» ASSIGNMENT
Output all of the data exactly, keeping any images out of the copy.

» DATA SHOWN
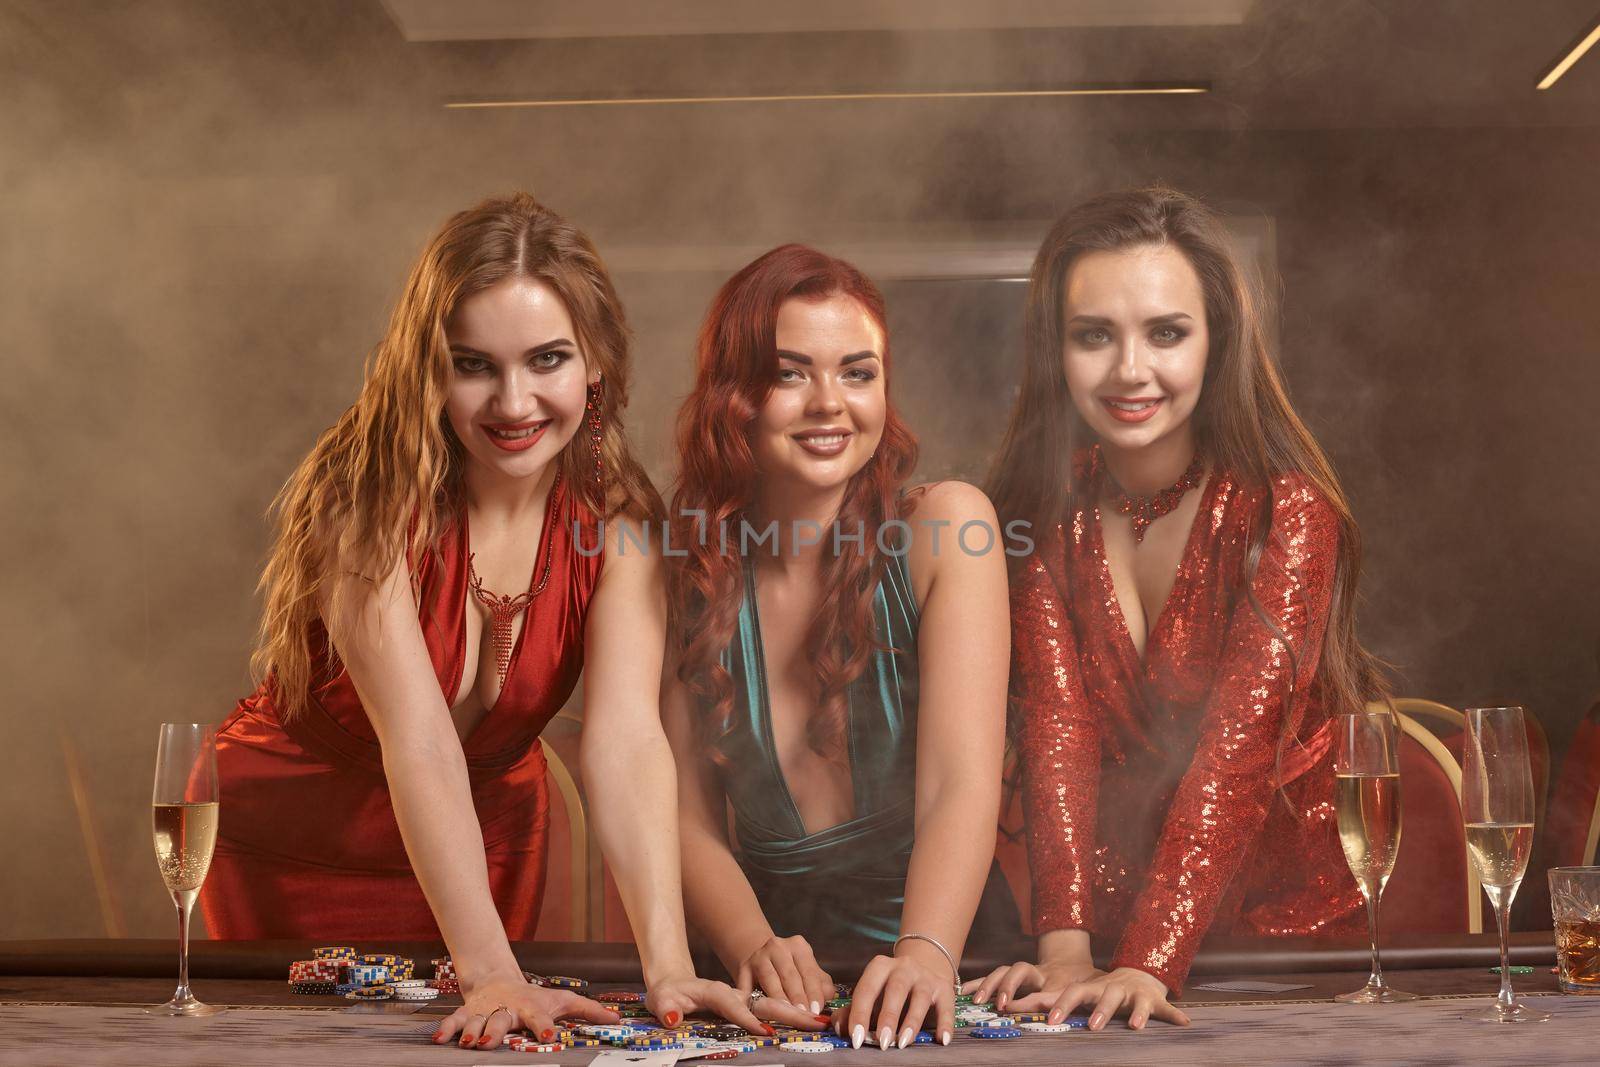 Three beautiful girls in a sexy dresses are playing poker at casino. They are celebrating their win, looking at the camera and smiling, holding some chips and posing at the table against a smoke background. Cards, money, alcohol, gambling, entertainment concept.
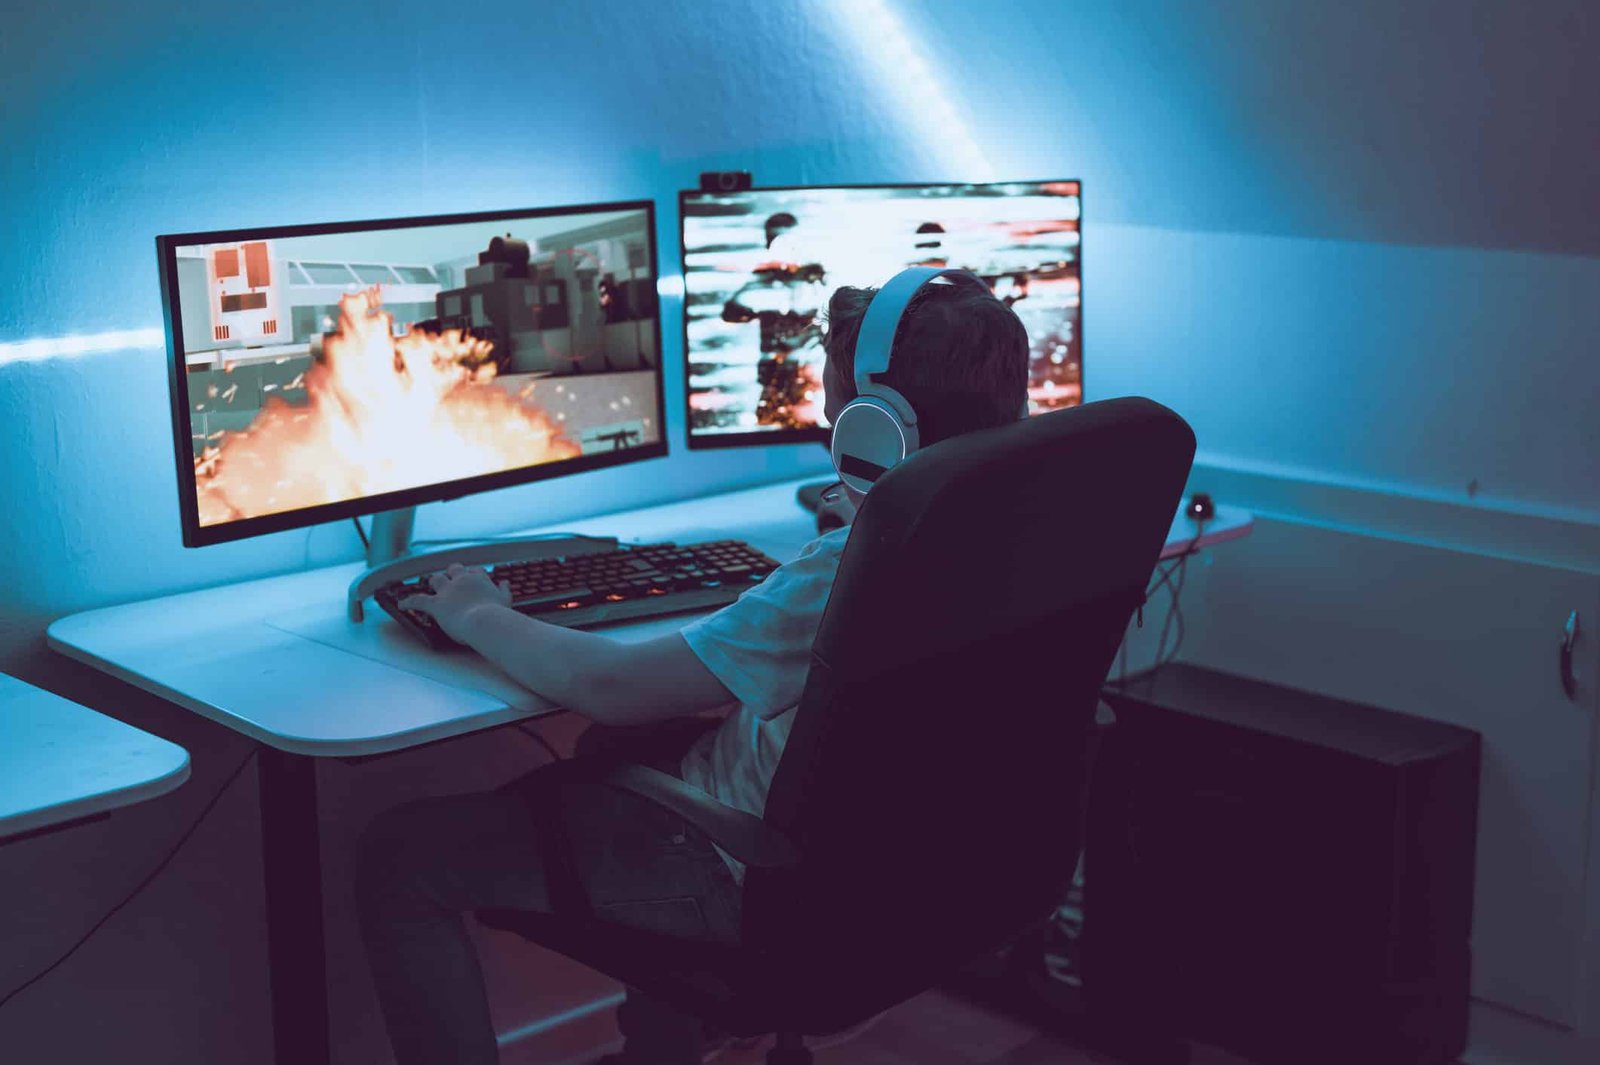 6 Biggest Online Gaming Risks And How To Avoid Them
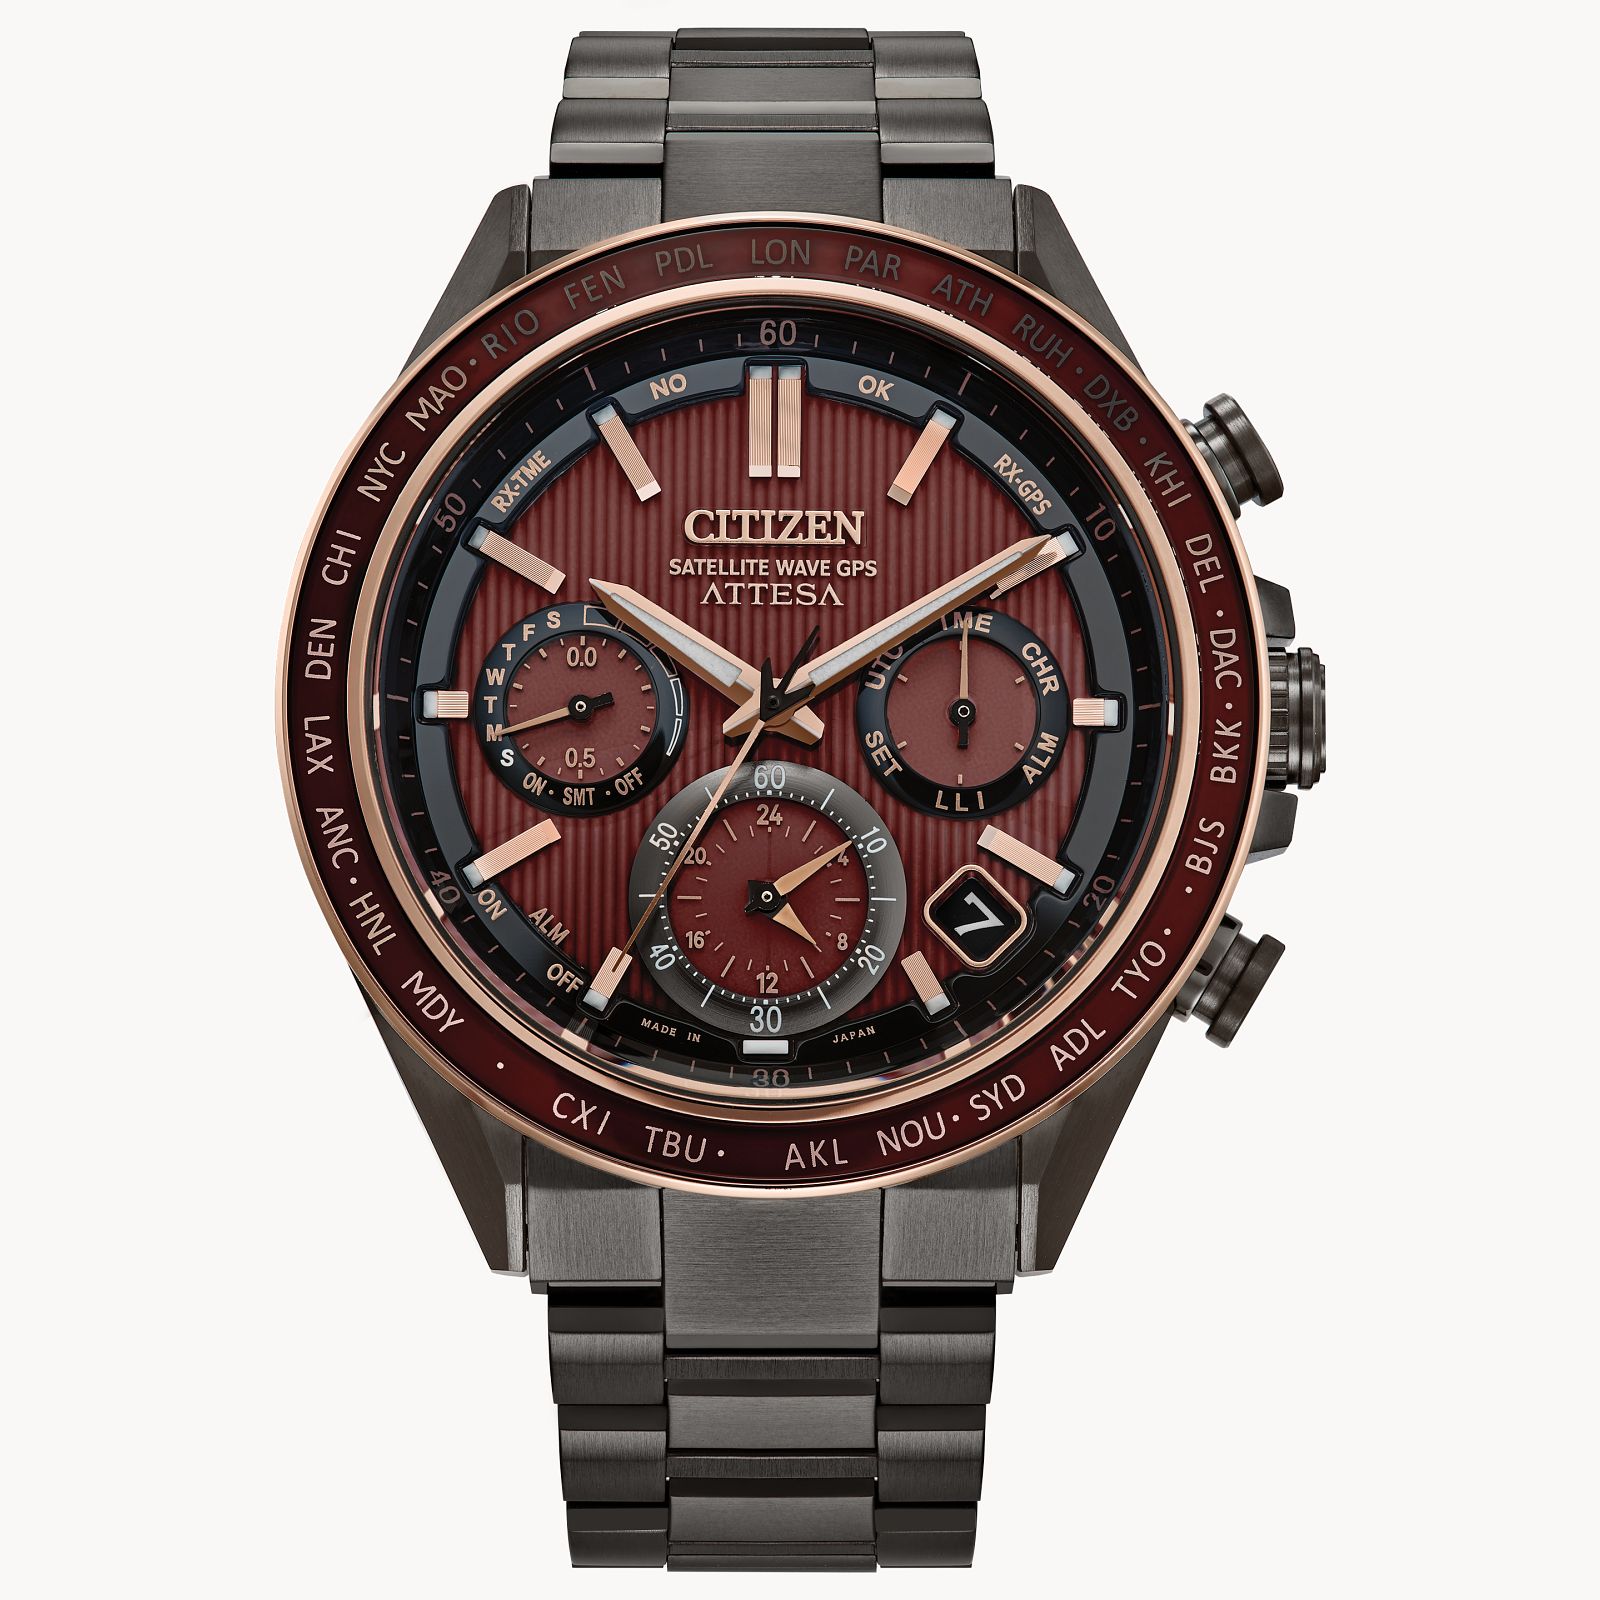 Citizen - Save up to 20% on watches!
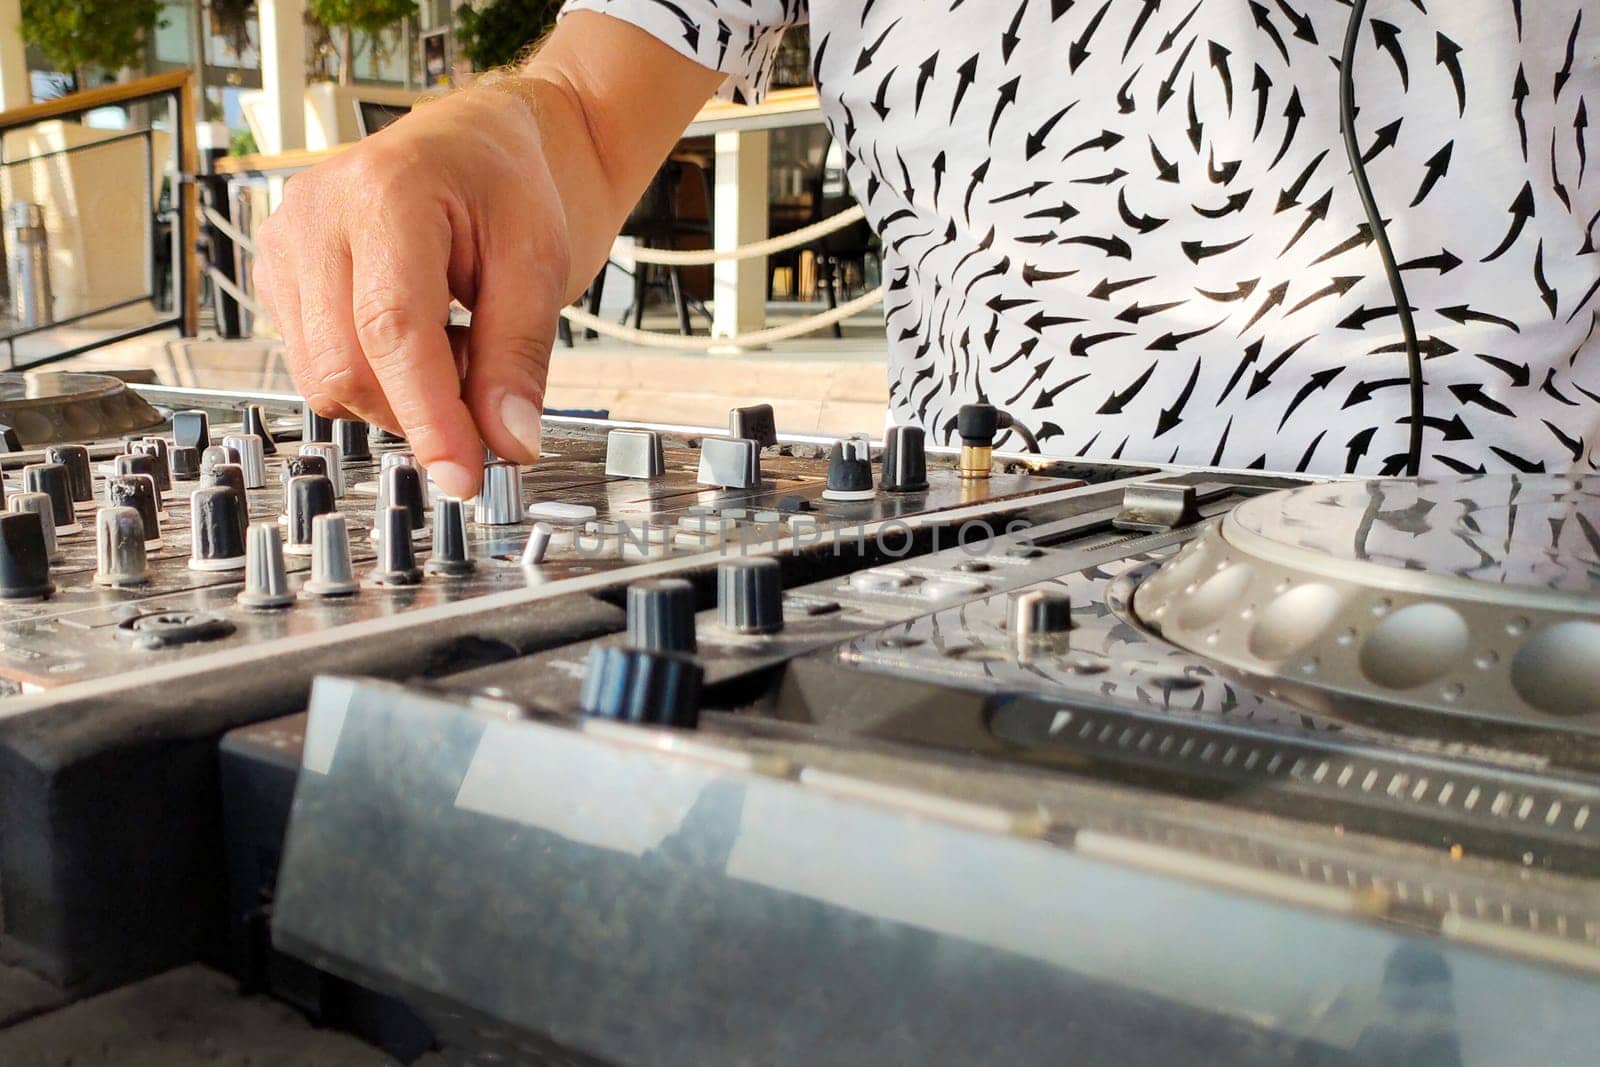 Turkey, Alanya - August 12, 2022: DJ creates music on mixing player, hands and mixer close-up

» ANSWER SECTION
 Three beautiful girls in a sexy dresses are playing poker at casino. They are celebrating their win, looking at the camera and smiling, holding some chips and posing at the table against a smoke background. Cards, money, alcohol, gambling, entertainment concept.
 6 Biggest Online Gaming Risks And How To Avoid Them
 Citizen - Save up to 20% on watches!
 Turkey, Alanya - August 12, 2022: DJ creates music on mixing player, hands and mixer close-up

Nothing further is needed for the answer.